Memory management is inherently difficult—especially with variable-sized data such as strings.

This work was centered on performance and system-level goals rather than fixed specification. These means finding what work should be done was part of the work. Much of my time was spent understanding the existing implementation and carefully identifying the root causes of failures. Even reproducing spilling scenarios was a bit complicated, since they involve disk I/O and are time-consuming to test.

Along the way, I encountered several memory accounting issues, particularly with variable-sized data types like strings. These issues often explained why queries failed unexpectedly under memory pressure. As a side note, I also observed that in some cases the system’s resident set size (RSS) would exceed the configured pool limit when strings are involved, a reminder that application-level accounting and system-level memory behavior do not always align perfectly.

Comprehensive tests and benchmarks are indispensable.

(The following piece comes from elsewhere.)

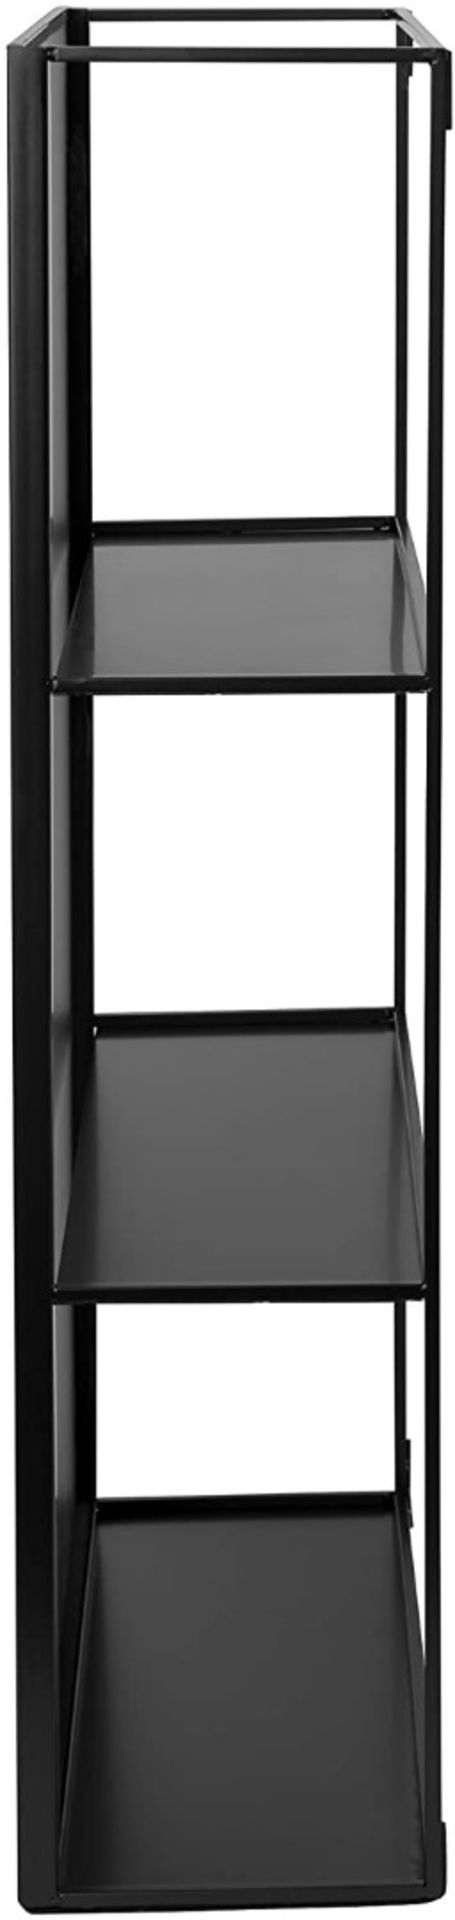 1 x Umbra 'CUBIKO' Sleek Modern Mirrored Medicine Cabinet With A Black Metal Frame - Dimensions: - Image 8 of 8

One of the most valuable steps I took early on was improving the test and benchmark suite for spilling execution. This provided the visibility needed to uncover bugs and to pinpoint where queries were most likely to fail under memory pressure. For example, I observed that two queries with seemingly similar memory pressure could behave differently: one would succeed within the memory limit, while the other would fail. Because of the enhanced test coverage and metrics (such as system peak RSS), I was able to recognize these anomalies as symptoms of deeper issues and debug them effectively. This experience underscored the importance of systematic testing and benchmarking in diagnosing and resolving complex performance and memory problems.

Acknowledgement

I would like to thank my mentor and @alamb for their guidance throughout the project, providing valuable reviews, discussions, and practical tips that greatly helped me move forward. I am also grateful to @rluvaton for work on the multi-level merge feature and for offering feedback on my follow-up contributions. Finally, I would like to acknowledge the many contributors I collaborated with through reviews and development efforts.

Through this program I was able to learn and experience so much, and it has motivated me to continue contributing to open source in the future. None of this would have been possible without the Google Summer of Code program. I am deeply grateful to Google and the GSoC administrators for providing such an incredible opportunity and for their continued support.